While bar charts, line graphs and simple numbers are hardly capable of providing the defining answer to many economic, social and political questions, they are certainly a good way of obtaining a general overview of any particular subject.
Each month the Business Supplement will look into a brace of statistical information and provide readers with what we consider to be the central elements of these figures.
Thailand has more women than men
The number of females as a share of the total Thai population stands at 51.3 per cent as of the latest census statistics at the end of 2019.
It was not always the case that there were more females than males in the Kingdom. In 1970 the female population made up only 49.9 per cent of the total, but it has been steadily rising and by 2008 stood at 50.9 per cent.
Since then the imbalance has further increased at a remarkably steady rate of 0.07 per cent each and every year. By 2012 the ratio was 51.1 per cent and by 2015 it was 51.2 per cent.
Today’s ratio of 51.3 per cent may not seem like much of a deviation from the 50 per cent perfect balance of equality, but a little mathematics can put the number into light. It means that for every 100 men there are 102.7 women, or for every 100 women there are only 97.5 men.
Thailand is not the only country to have more women than men, and indeed there are much starker examples.
In Russia, for every 100 women there are only 86.8 men. In Eastern European countries such as Estonia and Lithuania the numbers are similar at 88 and 85.3 respectively.
Conversely in China there are 106.3 men for every 100 women due in part to the practice of sex selective birth preferences.
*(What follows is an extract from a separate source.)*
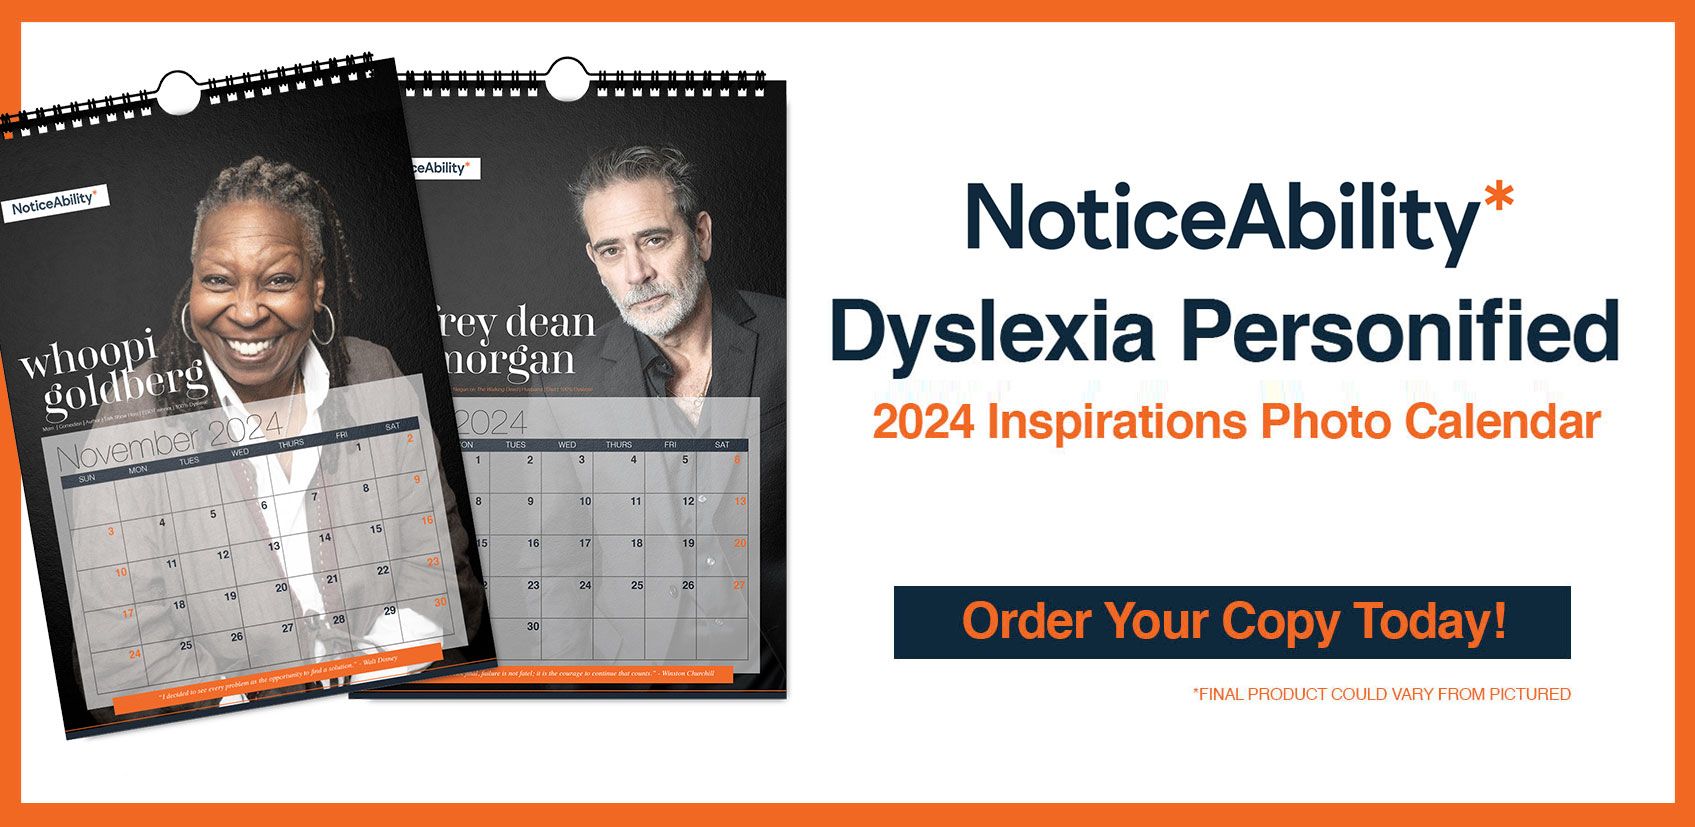 NoticeAbility* Dyslexia Personified2024 Inspirations Photo CalendarOrder Your Copy Today!
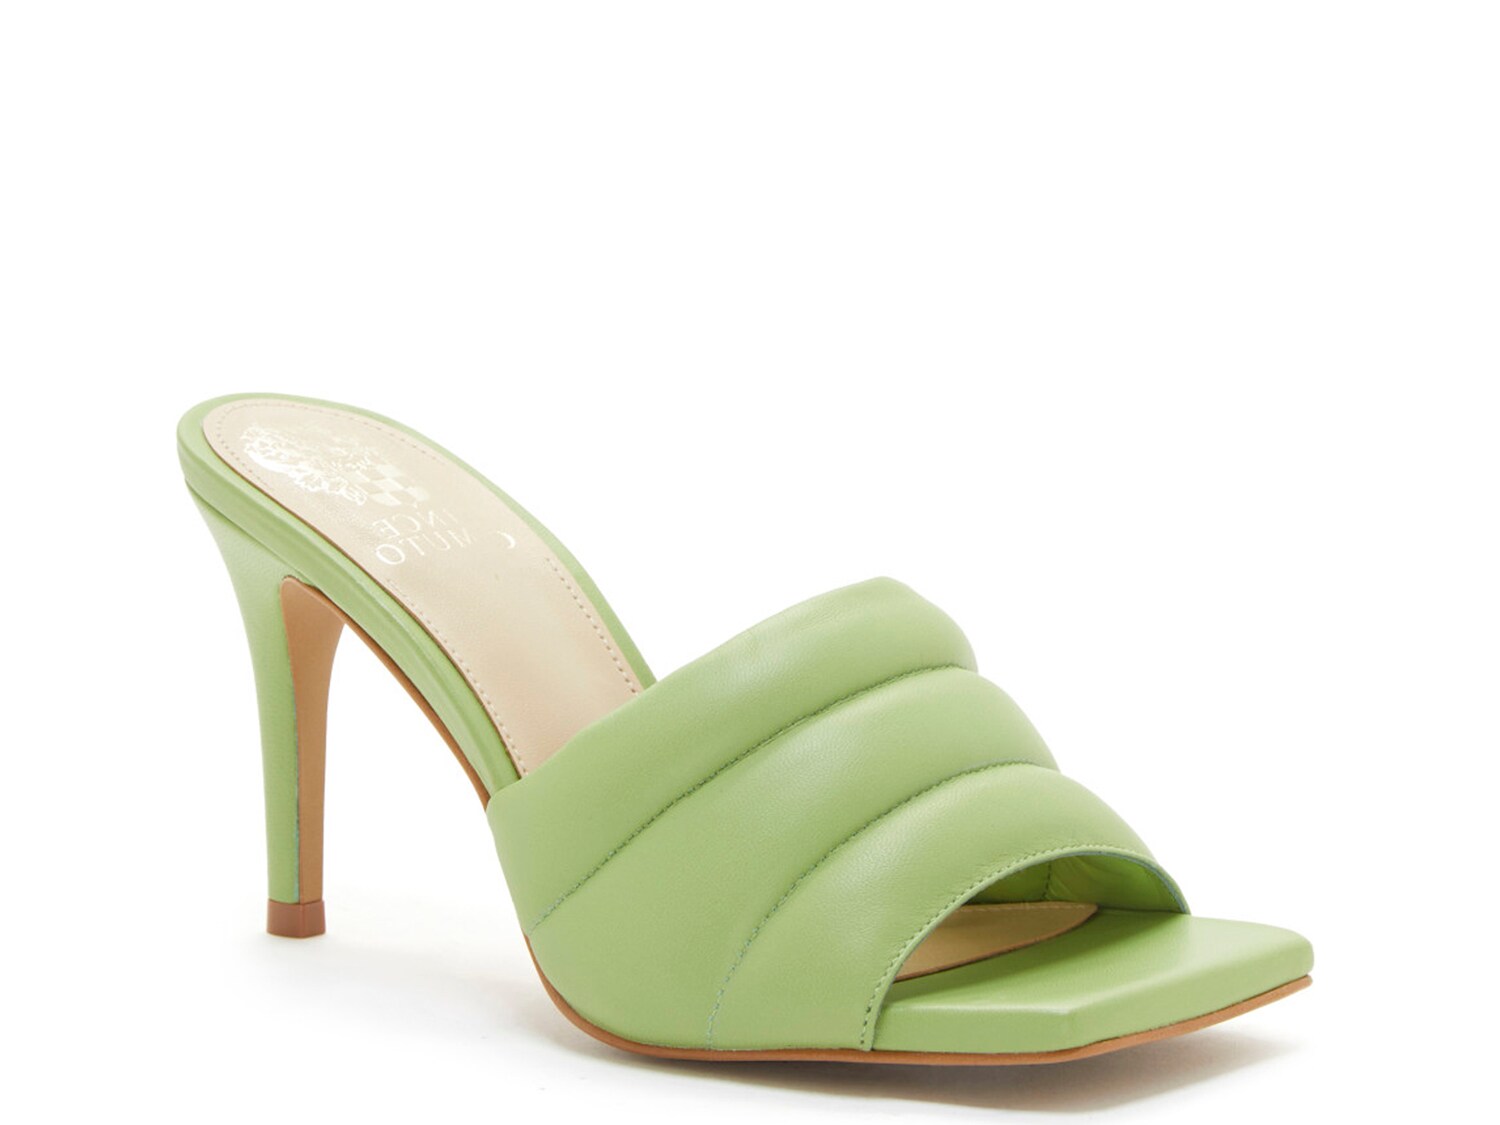 Vince Camuto Candreia Sandal - Free Shipping | DSW

At the extreme end of the scale the UAE in the Middle East has 274 men for every 100 women meaning there are nearly three times as many men as women.
Other Middle Eastern nations also have high imbalances, with Saudi Arabia, Oman and Qatar sporting 130.1, 197 and 265.5 men for every 100 women.
The average for the world is 101.8 men for every 100 women.
Thailand almost doubled its international reserves
Thailand almost doubled its international reserves in the 10 years from 2008 to 2018. At 2018 the number stood at 205.6 billion U.S. dollars.
As per the definition provided by the IMF, international reserves are a combination of a country’s foreign exchange on hand, its monetary gold reserves, its reserve position in the IMF, and the value of its US Dollar Special Drawing Rights by its monetary authorities.
In 2008 Thailand had just over US$111 billion in international reserves, but in the two years following the worldwide great financial recession of that year, reserves in Thailand actually increased by 24 per cent per year to stand at US$172 billion by 2010.
Yet for the next 6 years international reserve growth slowed and even slipped into negative territory in some years. From 2010 to 2016, international reserves grew by just 0.15 per cent on average. The following year saw a jump of 17.91 per cent with reserves topping US$202.5 billion.